Task:
Leaving the pictures aside, restate all of the data exactly.

Data below:

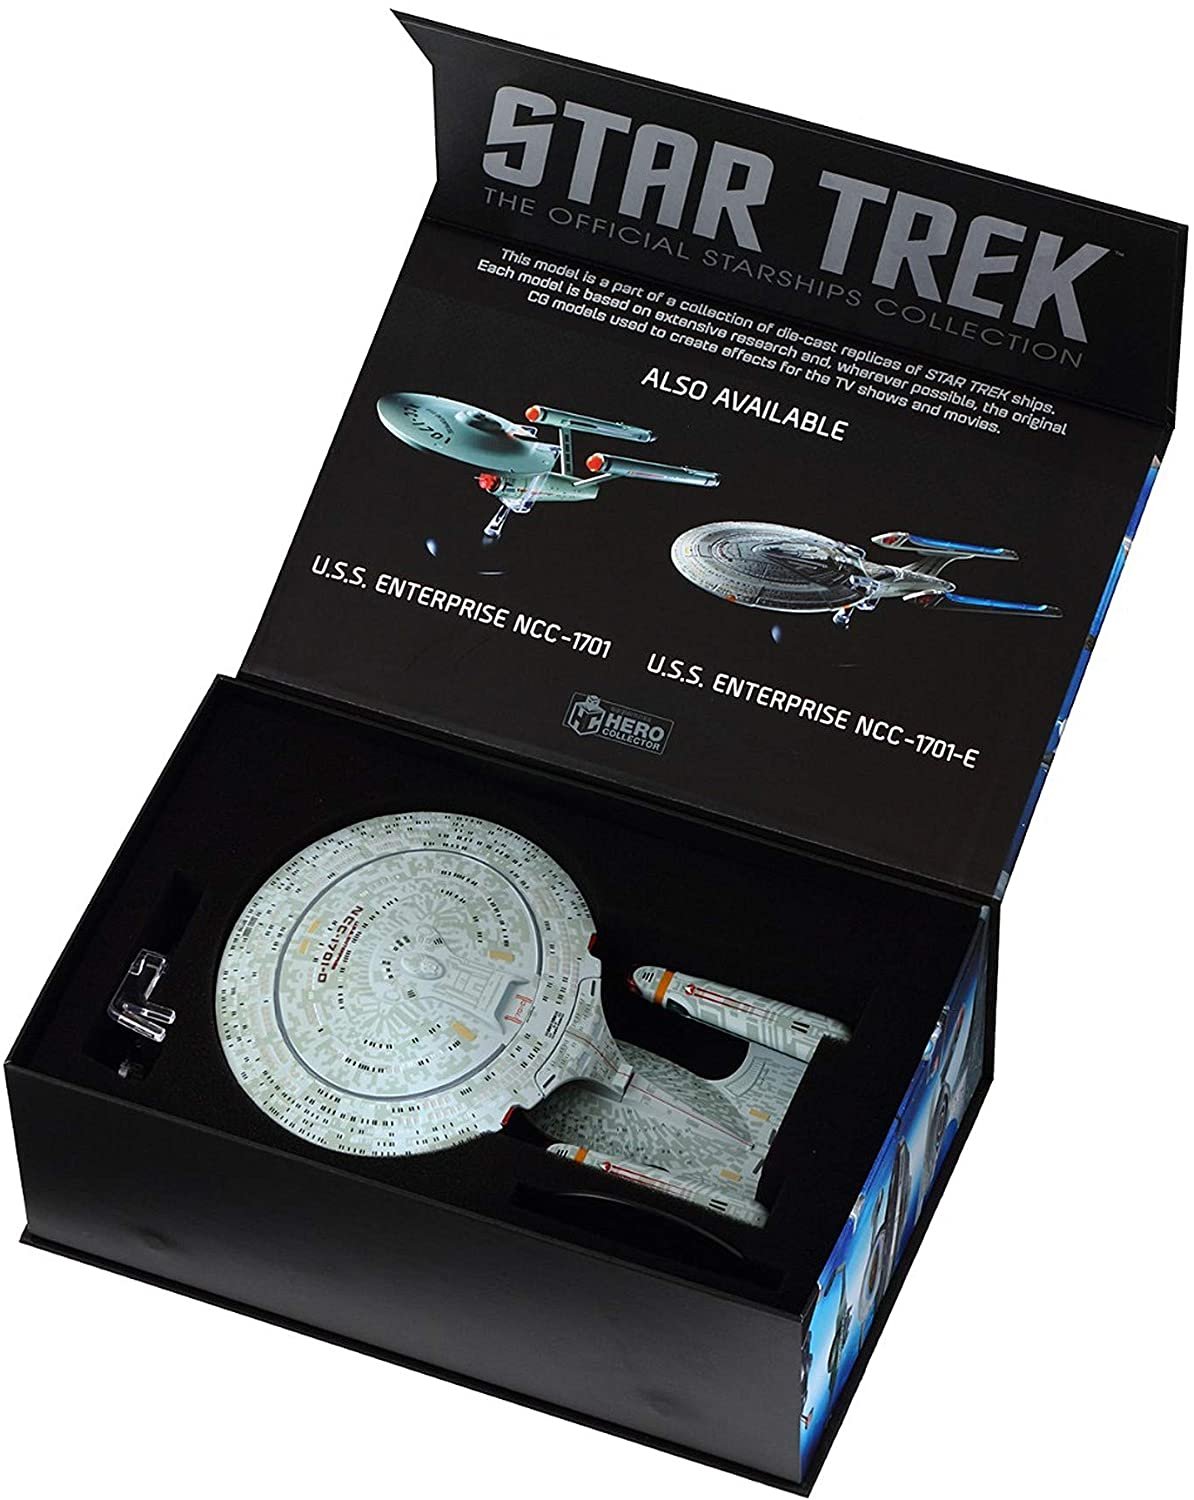 Star Trek The Next Generation U.S.S. Enterprise NCC-1701-D XL Edition
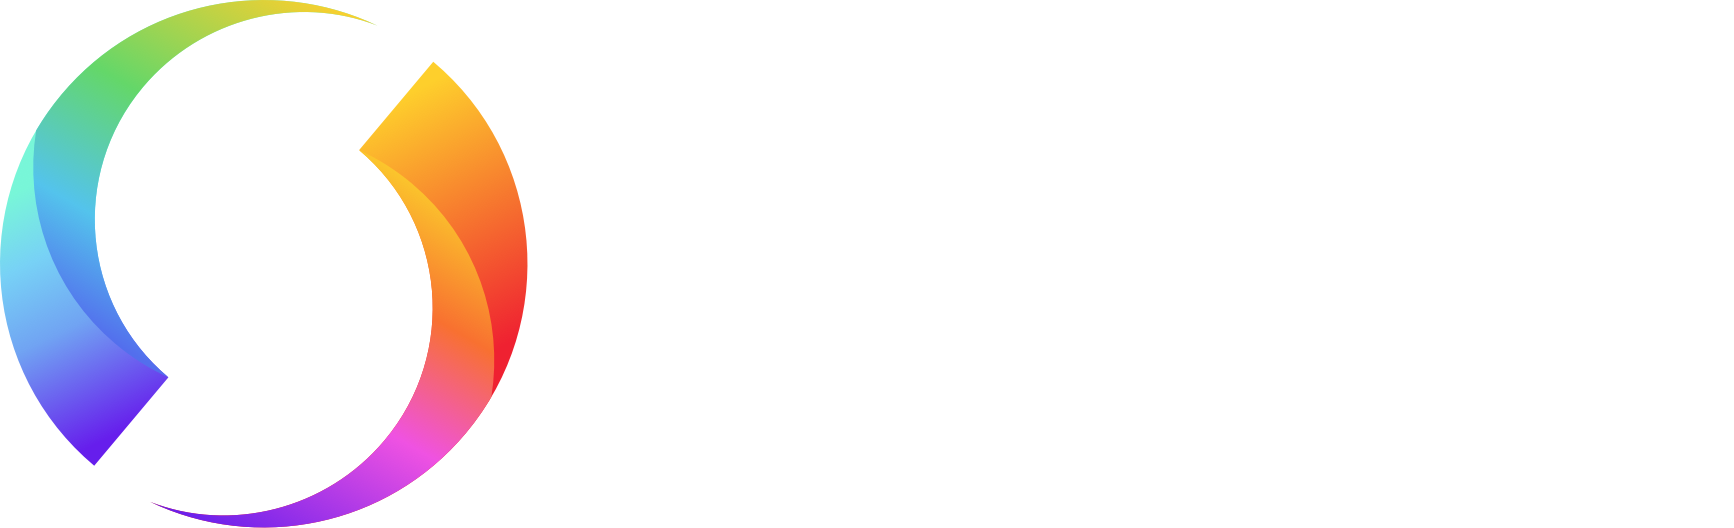 Swish Logotype
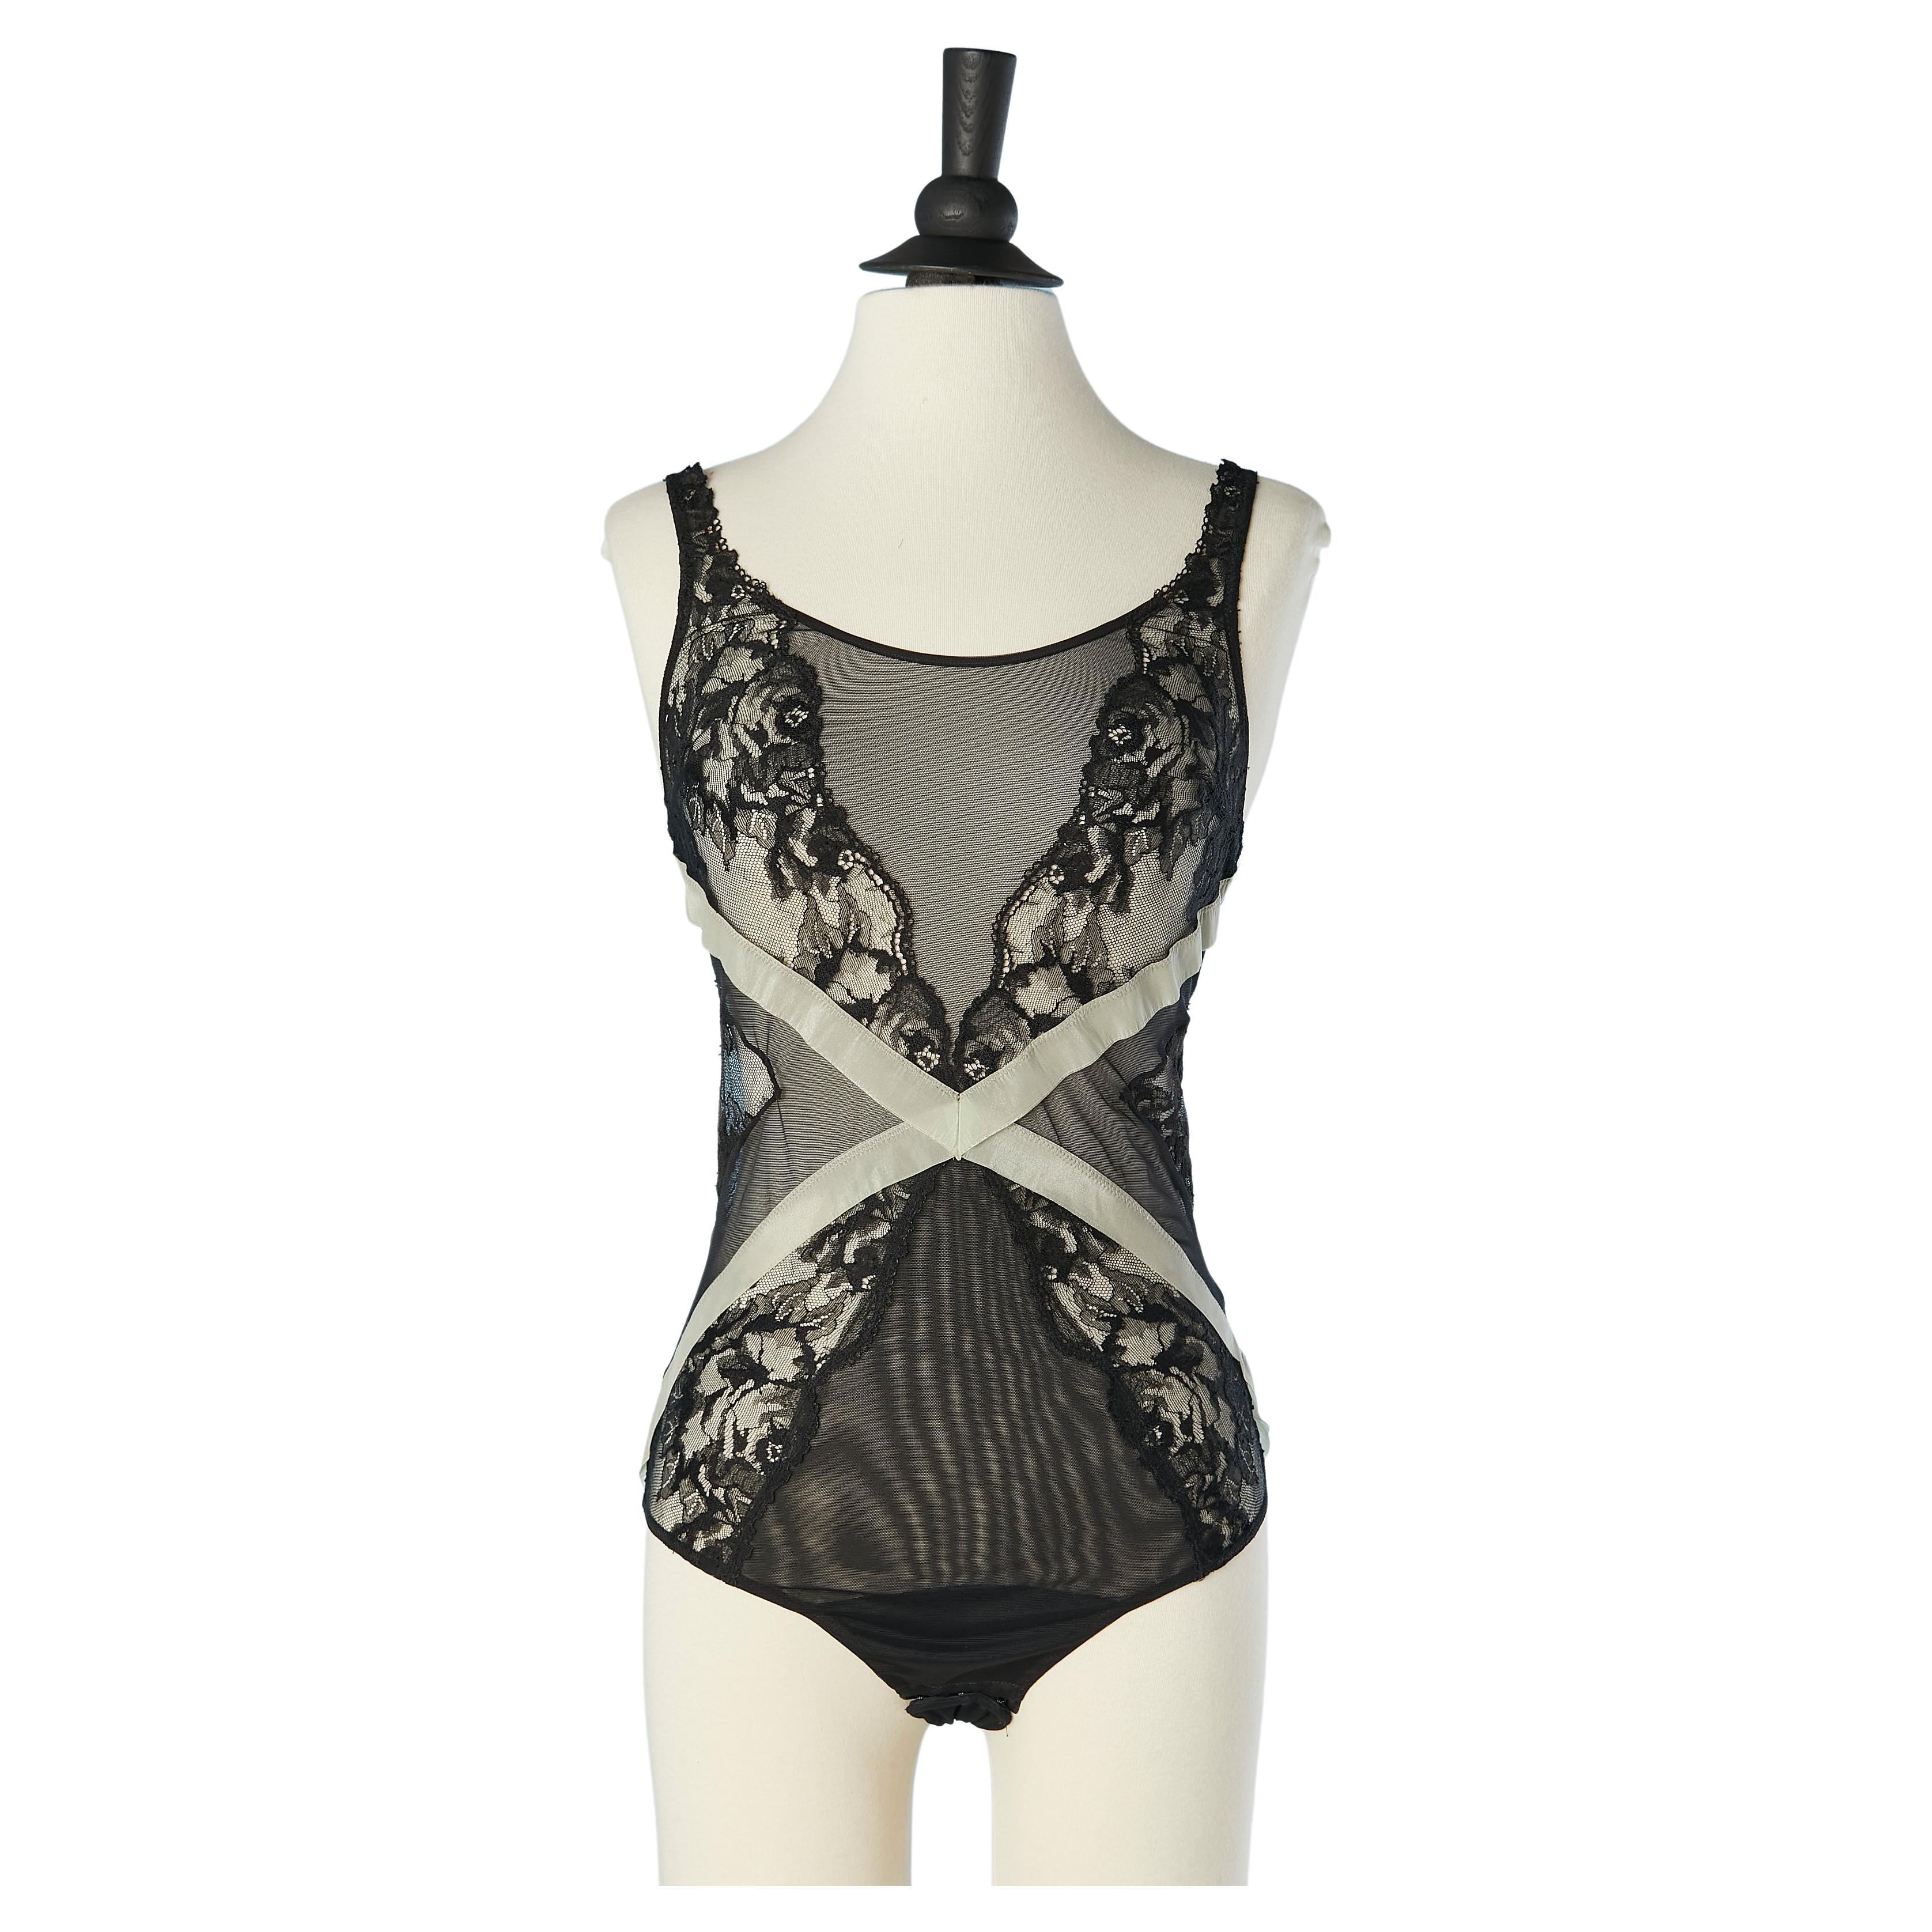 Black tulle see-through bodysuit with lace appliqué La Perla ( no brand tag) For Sale

Completed exercise:
 Star Trek The Next Generation U.S.S. Enterprise NCC-1701-D XL Edition
 Swish Logotype
 Black tulle see-through bodysuit with lace appliqué La Perla ( no brand tag) For Sale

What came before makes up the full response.